Juan Carlos Zaldívar is a filmmaker and video artist who was born in Cuba. Zaldivar has lived in the United States of America since 1980 with directing credits including "90 Miles", which aired nationally on PBS/"P.O.V.", and was featured in the book Mining the Home Movie: Excavations in Histories and Memories.

Zaldivar also co-directed "Soldiers Pay" with Tricia Regan and "David O. Russell" as well as several award-winning short films, including the trailers for the "Sundance International Film Festival". Zaldivar has taught as an adjunct faculty member at New York University, Miami International University of Art & Design, The New York Film Academy, Miami Dade College, and is a Professor at State University of New York at Buffalo.
Zaldivar completed both his BFA and a Masters of Fine Arts at New York University's Tisch School of the Arts, and also taught as adjunct faculty there.

Zaldivar started a film career as a sound editor and designer, and worked in Academy Nominated films such as Ang Lee's "Sense and Sensibility;" "On the ropes" and on HBO’s America Undercover, which garnered an Emmy nomination for Zaldivar.

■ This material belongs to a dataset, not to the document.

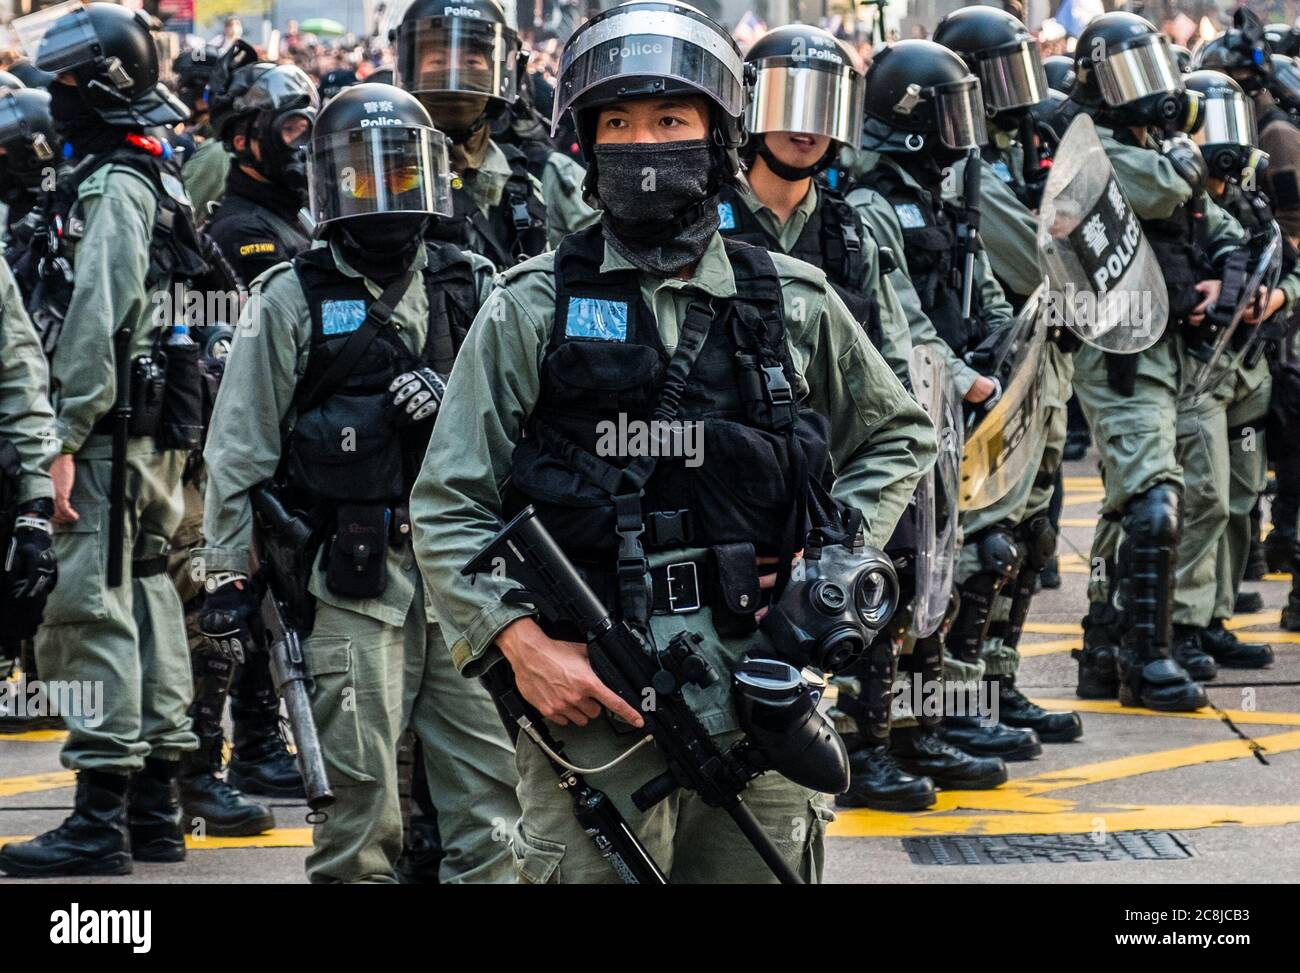 Hongkong - 01 de diciembre de 2019: Policía antidisturbios en manifestación durante las protestas de 2019, una serie de manifestaciones en Hongkong comenzó como el Anti-Extrad Foto de stock

Zaldivar has had video art works screened at many festivals worldwide and broadcast on PBS, ABC, IFC, Showtime and WE and has received numerous grants and awards; served as a Juror for several mayor film festivals including the Sundance International Film Festival and is a Sundance Film Institute alumnus.

Zaldivar recently tenured with Doc Society (previously Britdoc Foundation) as the Outreach Director for Good Pitch Miami 2017; associate produced the theatrical feature doc "Buena Vista Social Club, Adios"; co-produced the VR film "A history of Cuban dance" (Sundance & SXSW 2016); is directing a second VR doc entitled "SwampScapes" with Elizabeth Miller and Kim Grinfeder and is producing Phonograph Films' first fiction feature film with development support from "La Biennale di Venezia College Cinema" at the Venice Film Festival.